INILAHTASIK.COM | Otoritas Jasa Keuangan (OJK) Tasikmalaya bersama Pemerintah Kota Tasikmalaya resmi meluncurkan Program Literasi Keuangan Tasikmalaya CAANG (CerdAs keuANGan) sebagai langkah memperluas pemahaman masyarakat terhadap produk dan layanan jasa keuangan yang legal, aman, dan bertanggung jawab.
Program ini dirancang untuk meningkatkan literasi dan inklusi keuangan sekaligus mendukung agenda nasional dalam menciptakan masyarakat yang lebih cakap mengelola keuangan, terlindungi dari praktik keuangan ilegal, serta memiliki ketahanan ekonomi yang lebih baik.
Kepala OJK Tasikmalaya, Nofa Hermawati, mengatakan Tasikmalaya CAANG bukan hanya sebatas kegiatan sosialisasi, melainkan gerakan bersama yang melibatkan berbagai unsur masyarakat agar edukasi keuangan dapat menjangkau lebih banyak warga.
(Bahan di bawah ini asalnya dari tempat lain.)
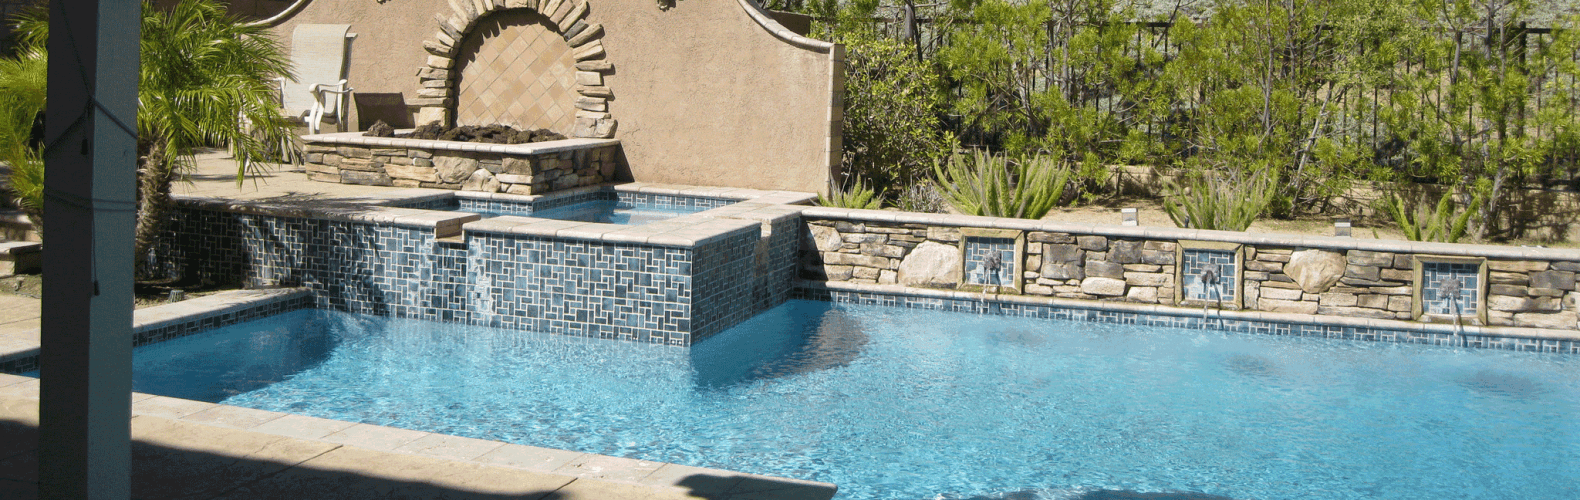 A to Z Pool Service - Simi Valley, CA, US, swimming pool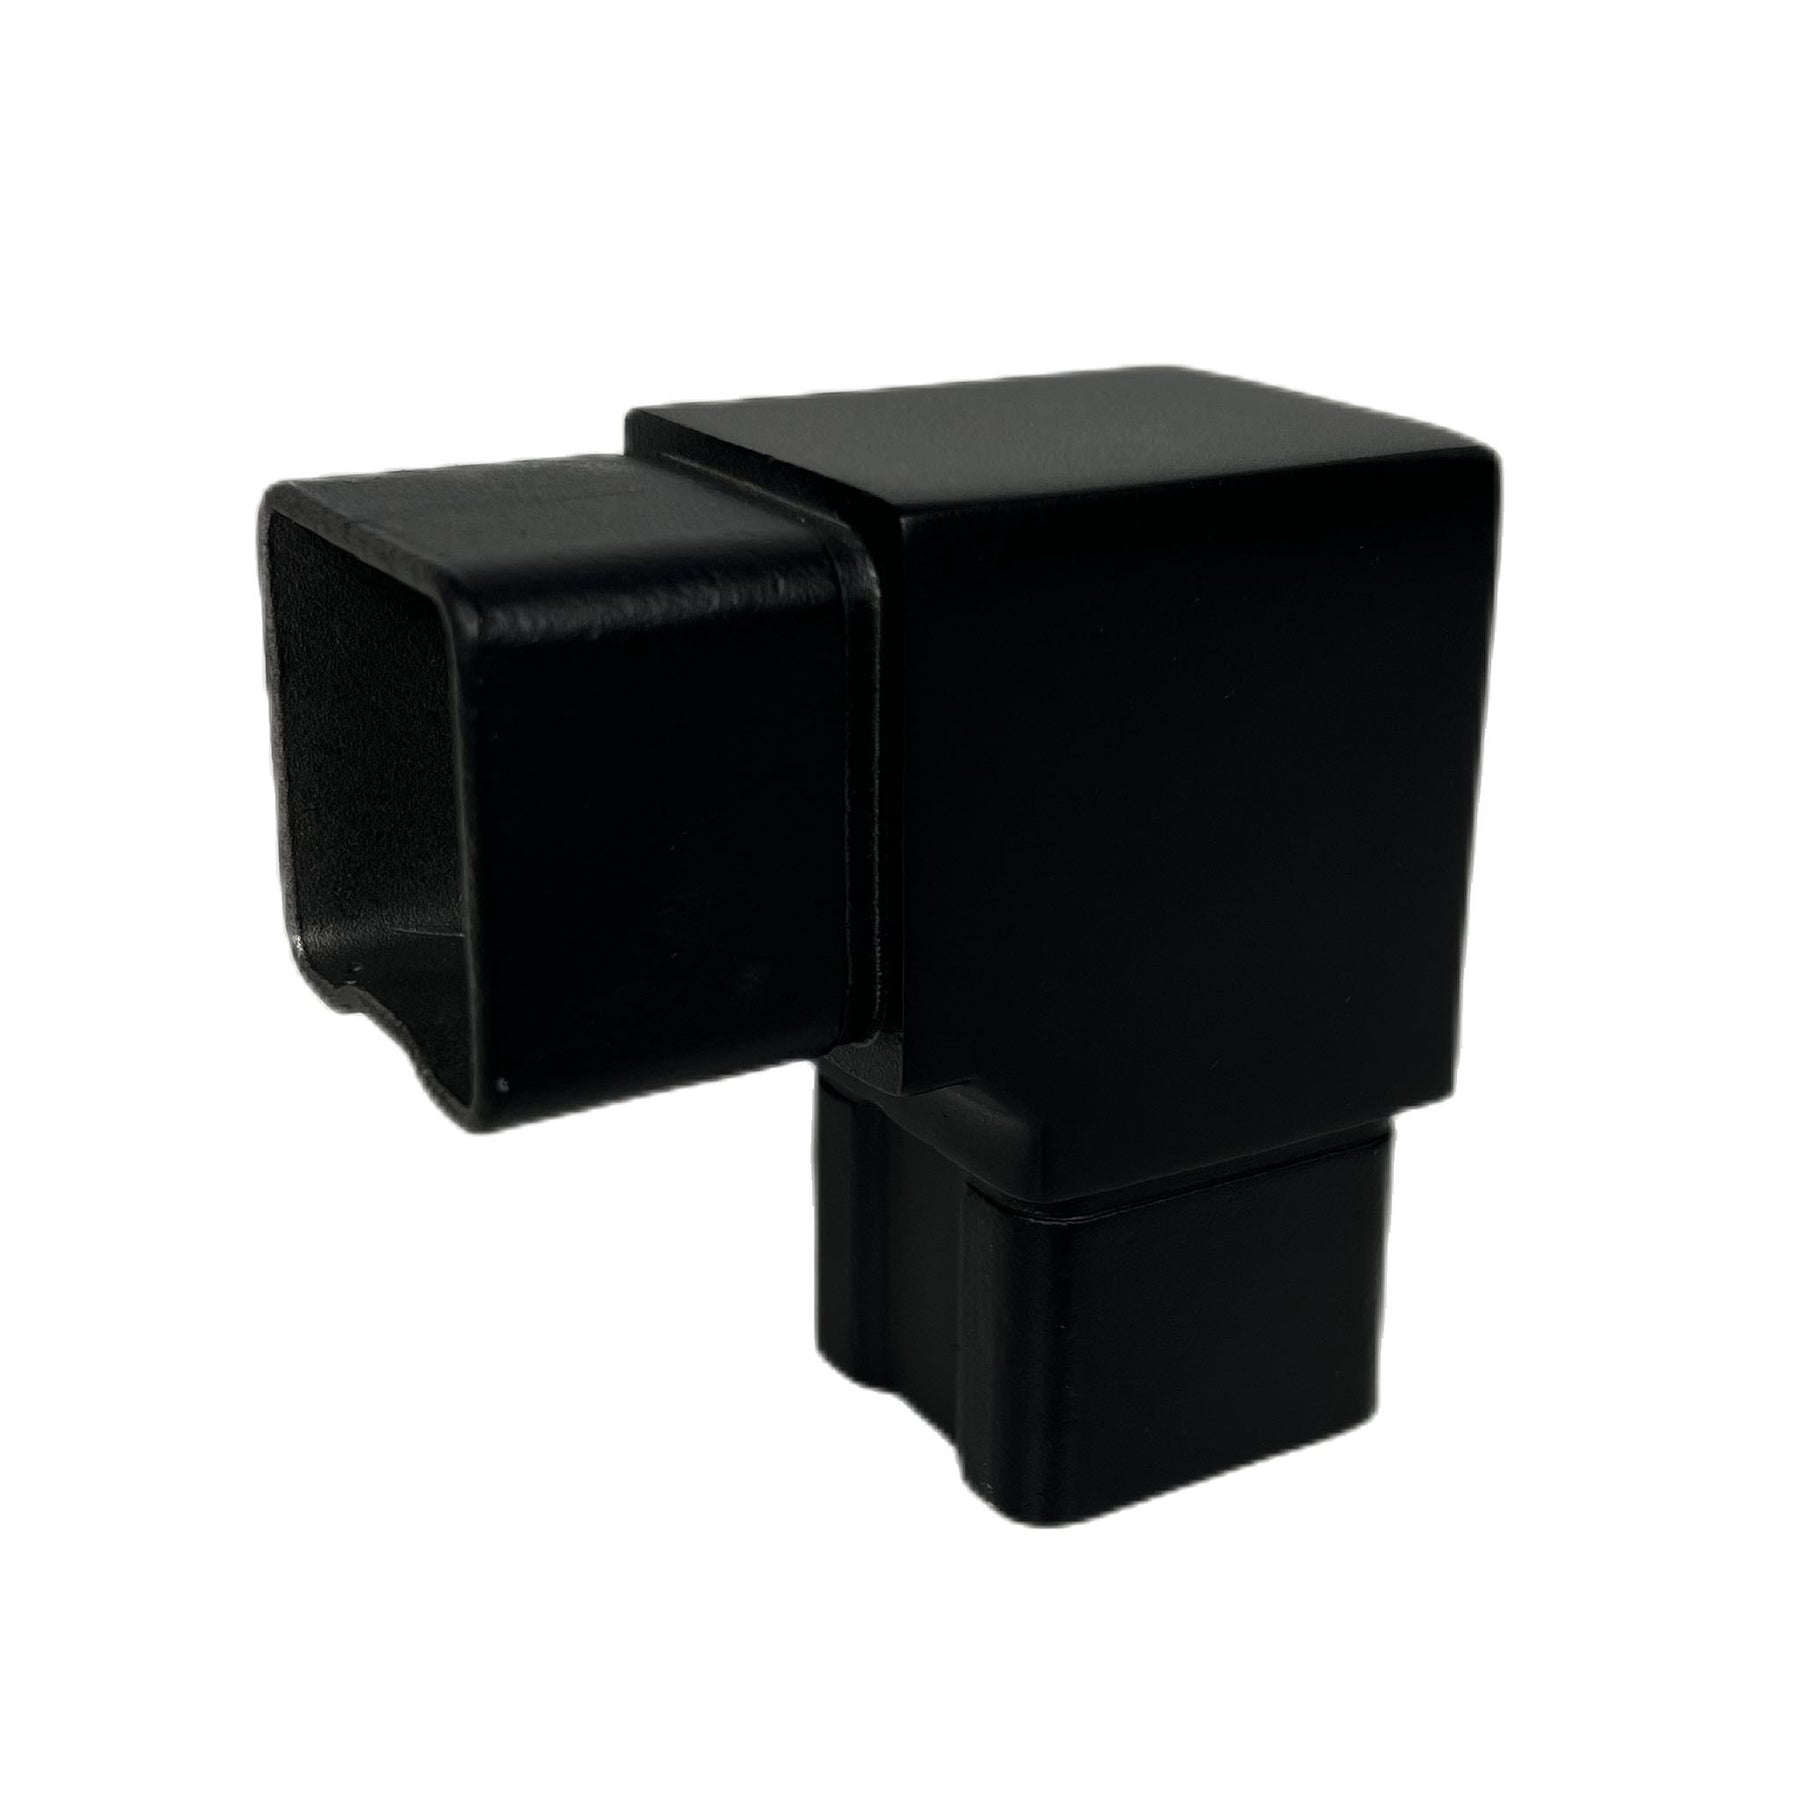 STLX-AC001 90 Degree Angle Connector Square 40x40mm

“Tasikmalaya CAANG bukan sekadar rangkaian kegiatan edukasi, tetapi merupakan gerakan bersama untuk membangun masyarakat yang cerdas keuangan. Melalui pendekatan multiplier effect, setiap peserta diharapkan menjadi agen literasi keuangan yang mampu menyebarluaskan edukasi kepada keluarga, lingkungan, dan masyarakat sekitarnya,” ujar Nofa, Senin 13 Juli 2026.
Menurutnya, pendekatan multiplier effect menjadi strategi utama dalam program tersebut. Peserta yang telah mendapatkan pembekalan diharapkan mampu menjadi agen literasi keuangan di lingkungan masing-masing sehingga penyebaran informasi berlangsung lebih luas, cepat, dan berkelanjutan.
Program Tasikmalaya CAANG dijalankan melalui kolaborasi lintas sektor yang melibatkan Pemerintah Kota Tasikmalaya, Kementerian Agama, Dinas Pendidikan, TNI, perguruan tinggi, sekolah, Pelaku Usaha Jasa Keuangan (PUJK), organisasi kemasyarakatan, organisasi keagamaan, media massa, hingga berbagai pemangku kepentingan lainnya.
Sasaran edukasi pun dibuat beragam, mulai dari pelajar, mahasiswa, tenaga pendidik, penyuluh agama, Babinsa dan anggota Kodim, Karang Taruna, pelaku UMKM, aparatur pemerintah, hingga masyarakat umum.
OJK Tasikmalaya mencatat, hingga Semester I Tahun 2026, program tersebut telah menjangkau lebih dari 58 ribu peserta melalui edukasi keuangan secara langsung. Selain itu, telah terbentuk berbagai agen literasi keuangan yang terdiri atas penyuluh agama, Babinsa, anggota Kodim, tenaga pendidik, Karang Taruna, hingga mahasiswa peserta Kuliah Kerja Nyata (KKN) Literasi Keuangan.
Dengan keberadaan para agen tersebut, jangkauan edukasi diperkirakan mampu menyentuh lebih dari 98 ribu masyarakat di Kota Tasikmalaya. Angka itu diproyeksikan terus bertambah melalui pemanfaatan media digital, videotron milik Pemerintah Kota Tasikmalaya, serta berbagai saluran komunikasi yang digunakan para agen literasi di lingkungannya masing-masing.
Nofa menegaskan, meningkatnya penggunaan layanan keuangan digital membuat masyarakat perlu memiliki pemahaman yang memadai mengenai manfaat, risiko, hak, dan kewajiban dalam menggunakan produk jasa keuangan.
“Melalui gerakan ini kami berharap masyarakat semakin memahami produk dan layanan jasa keuangan yang legal, mampu mengambil keputusan keuangan secara bijak, serta terhindar dari berbagai bentuk aktivitas keuangan ilegal. Pada akhirnya, literasi keuangan yang baik akan mendukung terwujudnya masyarakat yang lebih terlindungi, berdaya, dan sejahtera,” katanya.
Ke depan, pihaknya bersama Pemerintah Kota Tasikmalaya akan terus memperkuat kolaborasi dengan seluruh pemangku kepentingan agar Program Tasikmalaya CAANG berkembang menjadi gerakan literasi keuangan yang berkelanjutan dan mampu mendukung pembangunan ekonomi daerah yang inklusif.